Но тут же почувствовал, что это тоже сознательный самообман. Ничего он не найдет, ни сил, ни мужества. Так и будет мучиться, корчиться, как на огне. Недаром старый Анисим Шатров ухмыльнулся тогда, на лугу: «Грех да позор – как дозор… хошь не хошь, а нести надо…»

Но почему он, засохший стручок, все-таки сказал так? Какой позор? В смысле – кишка оказалась тонка, надорвалась на работе? Или… Или…

Морозный туман, ползший из-за Светлихи, заволок уже всю деревню, остановился у подножия увала и закачался, как пена на волнах. Туман закрыл скотные дворы, и Фрол, чтобы отогнать как-то или изменить свои мысли, стал упорно думать, чуть не вслух повторять, что в других колхозах вон падеж вовсю, а у них, в «Рассвете», благодаря тому кукурузному силосу – молодец все же Захар! – еще держатся коровенки. Да все равно, наверное, падать зачнут. Зиме еще быть да быть, а силос на исходе, прелое сено тоже…

Солнце село, и внизу, в тумане, засветились огни невидимых домов. Тоненькие огоньки мерцали лучистыми звездочками, то гасли, то разгорались. Фрол стоял и почему-то ждал, когда тумана наволочит еще больше и сквозь холодную молочную густоту не в силах будет пробиться даже искорка. Но огоньки упорно мерцали и мерцали – то бледнее, то ярче. Они словно ныряли куда-то в белый, молочный омут, а потом всплывали на самую поверхность.

«Грех да позор… Хошь не хошь…» Эти слова тоже временами проваливались куда-то, а потом всплывали. Отогнать свои мысли, отвязаться от них было не так-то просто. Даже когда они проваливались, Фрол знал, что они всплывут. А это было тяжело. От этого разламывалась голова.

Глава 8

Обжигающий ветер засвистел в ушах, когда Фрол, резко оттолкнувшись наконец палками, скользнул под увал.
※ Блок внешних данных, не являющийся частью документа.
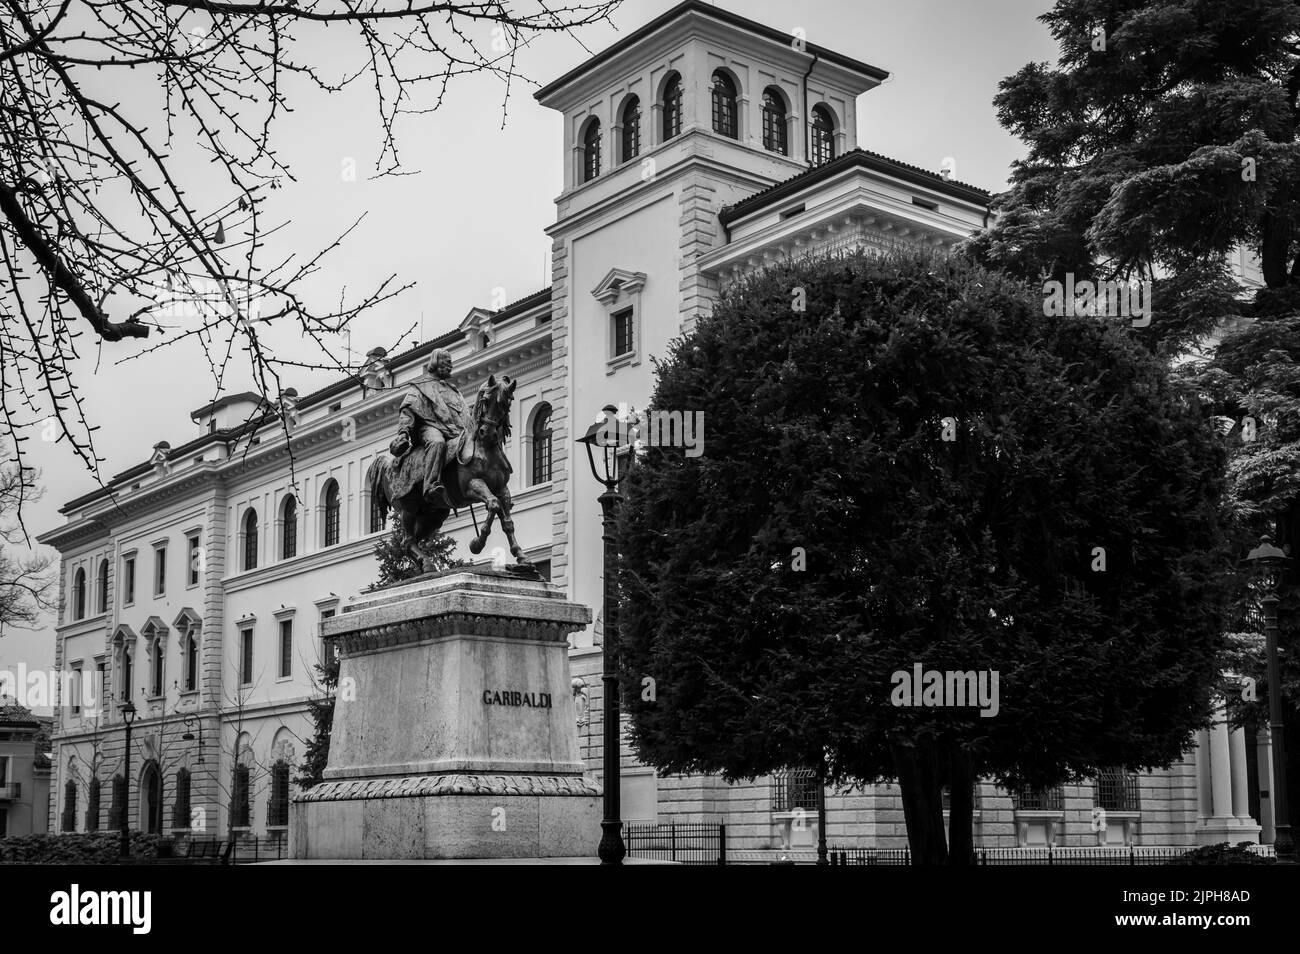 Statua equestre a Giuseppe Garibaldi, Verona, regione Veneto - Italia settentrionale, Europa - 28 dicembre 2021 Foto Stock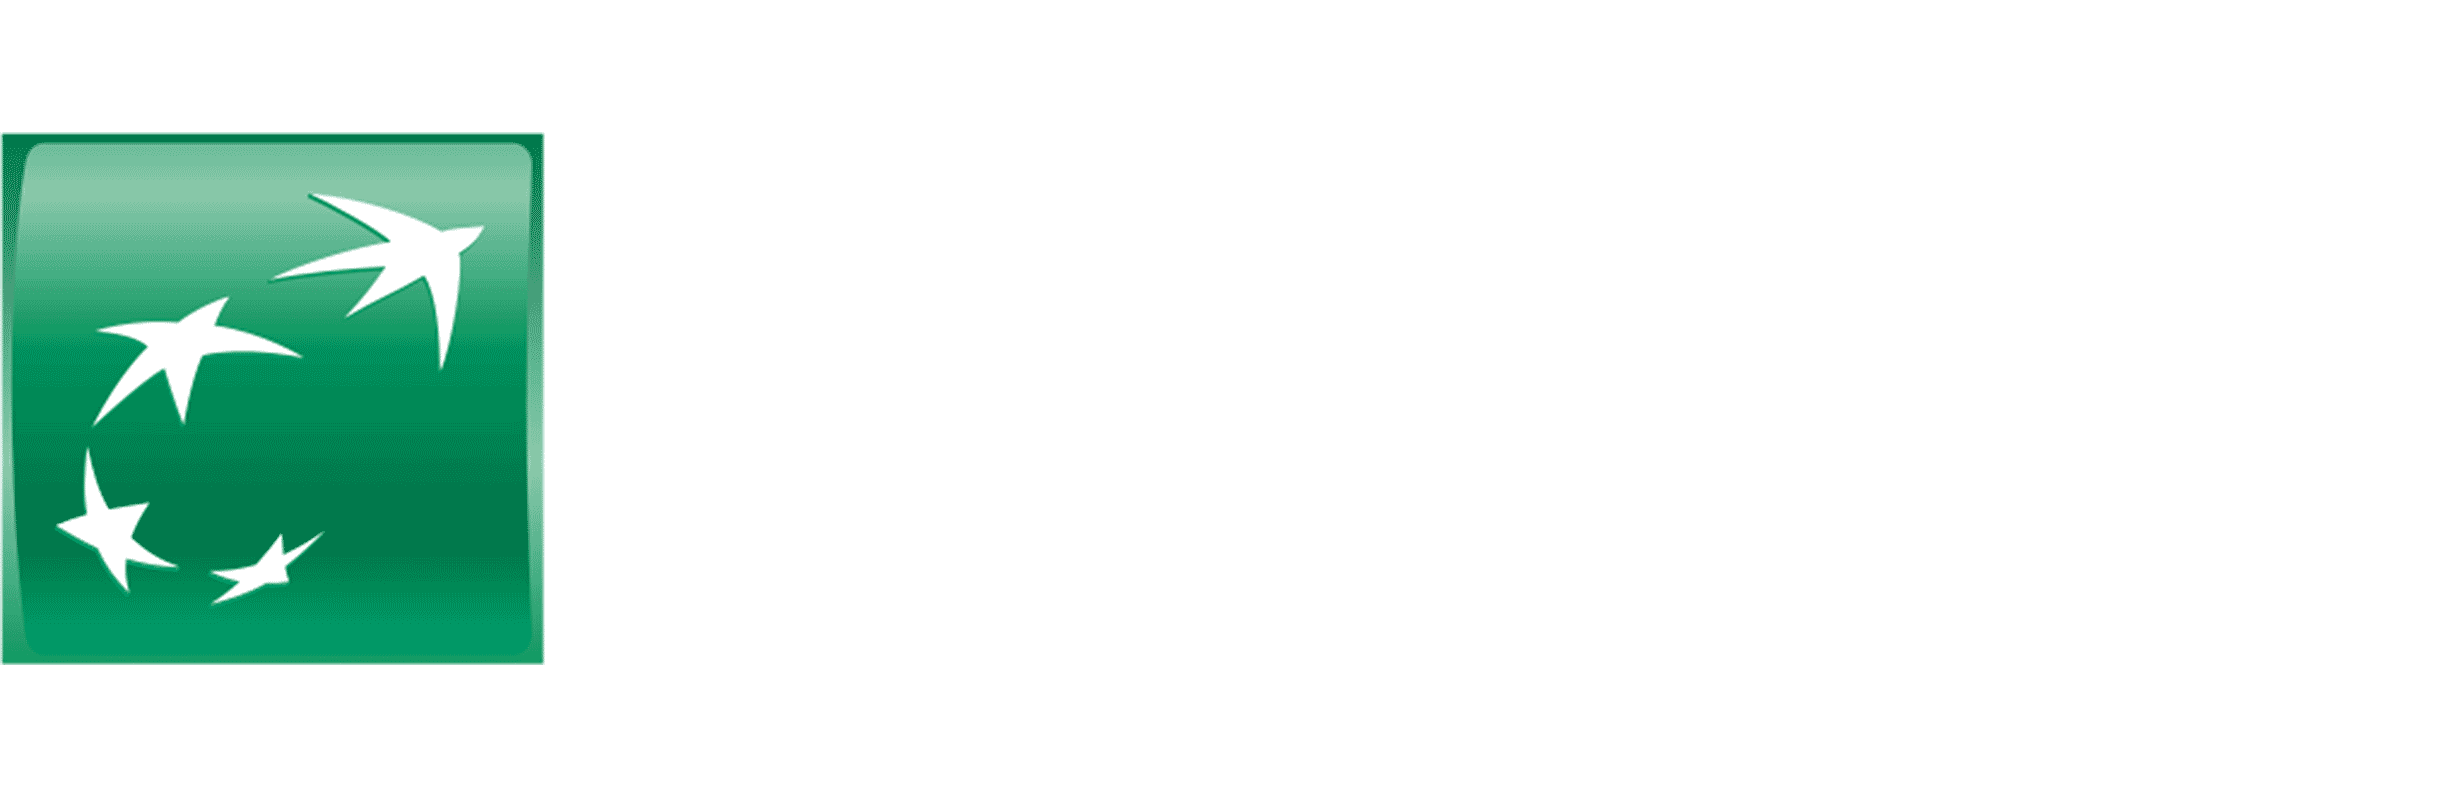 BNP Paribas Logo - Managers Convention Paribas • ELEPHANT

Был Фрол не из последних лыжников в деревне, даже иным молодым мог дать сто очков вперед. Но от бешеного спуска у него сейчас остановилось сердце.

«Да, не тот стал Фрол Курганов, не тот», – опять мелькнула горькая, угнетающая мысль.

«В-зж-ы-и-и…» – тянулся и тянулся злорадный визг вслед за Фролом. Длинными черными тенями мелькали по сторонам кедры. О каждый из них можно было расколоться, как колется глыба льда, брошенная с высоты на каменную плиту, – в мелкие стеклянные брызги, в пыль. Фрол думал об этом, но ни страха, ни даже беспокойства почему-то не испытывал. Он, наоборот, несколько раз оттолкнулся палками, чтобы увеличить и без того сумасшедшую скорость.

Навстречу летели, покачиваясь, белые космы тумана. Фролу показалось, что это не он несется вниз, а белая муть вдруг неудержимо поползла вверх, как закипевшее молоко из кастрюли. Вот-вот это молоко захлестнет его, накроет с головой, ошпарит…

Он плотнее сжал губы, втянул голову в плечи, нырнул в глубь этой мути… Через минуту он остановился. Почти рядом чернел сквозь туман приземистый коровник, маячили возле него в пригоне люди. У самой изгороди стояла лошадь, запряженная в сани-розвальни. Фрол растер рукавом занемевшие от ветра при спуске губы и пошел к пригону.

Захар Большаков и зоотехник сидели на корточках возле павшей коровы, ощупывали ее со всех сторон.

– Все, – сказал хрипло Большаков и поднялся.

– Ведь я говорил – прирезать бы на мясо, пока она еще дышала, – раздался голос Устина Морозова.

– Мяска захотели, да ножичек, понятное дело, наточить не успели, – усмехнулся Антип Никулин, оглянулся вокруг и зачем-то подмигнул уже подошедшему к пригону Фролу. – А кто бы вам, спрашивается, корову дойную колоть разрешил?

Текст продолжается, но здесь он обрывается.